Мантусов трудно сходился с людьми, особенно с женщинами, а тут уже через неделю-другую почувствовал себя с Ириной так, будто они были знакомы не один год. Именно Ирине Мантусов впервые в своей жизни принес подснежники и только тогда понял, как приятно дарить цветы любимой женщине.
«Милый Мантусов, — сказал она, грустно глядя на подснежники, — не забывайте, что я вдова и на несколько лет старше вас».
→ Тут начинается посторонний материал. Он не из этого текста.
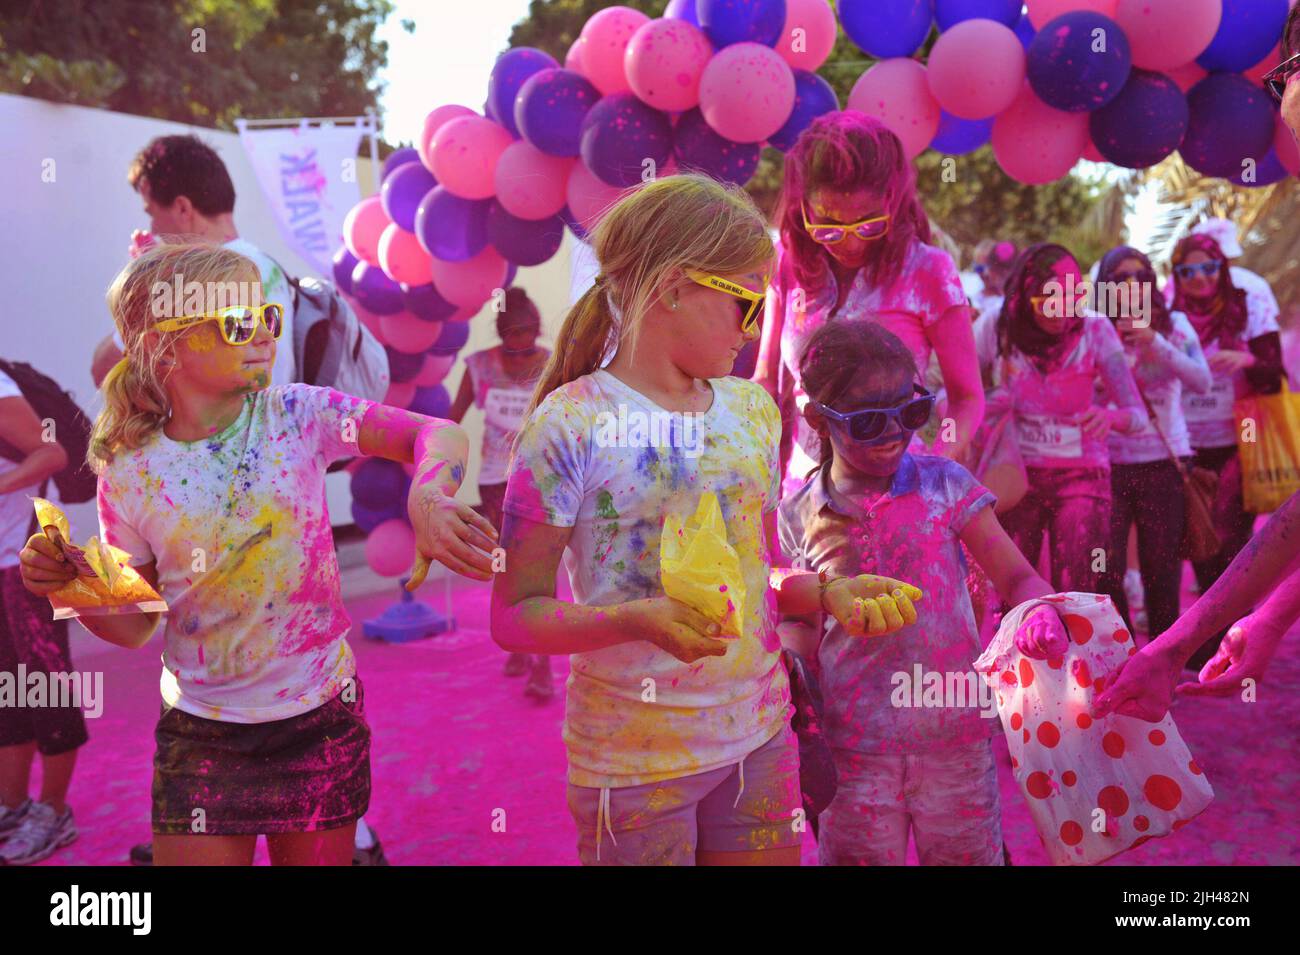 Le giovani ragazze bionde che indossano le tonalità gialle si fermano per afferrare la polvere più colorata oltre un arco di palloncino rosa al Color Walk di Dubai, Emirati Arabi Uniti. Foto Stock

В этот момент в класс, где они сидели, вбежала раскрасневшаяся Пуговица. Увидев подснежники в руках Ирины, она сразу посерьезнела, а потом вдруг расплакалась. Мантусов долго не мог ее успокоить. Взяв девочку на руки, он баюкал ее, пока она не затихла.
«Почему ты плакала?» — спросил ее Мантусов на другой день.
Пуговица молчала.
«Тебя кто-нибудь обидел? — допытывался он, взволнованный непонятным поведением девочки. — Почему ты не отвечаешь?»
Упрямо опустив голову, Пуговица стояла перед ним какая-то неуступчивая, отчужденная. Он так и не смог ничего от нее добиться. Это встревожило его. Он терялся в догадках. Что могло случиться? Не будет же ребенок капризничать беспричинно?
Вскоре Мантусов начал замечать, что Пуговица сторонится Ирины. И если та о чем-нибудь ее спрашивает, отвечает неохотно и односложно.
Мантусов никак не мог понять, почему так резко изменились их отношения. Неужели между Пуговицей и Ириной что-то произошло? Но тогда Ирина сама должна была рассказать ему обо всем. Отчего же она молчит?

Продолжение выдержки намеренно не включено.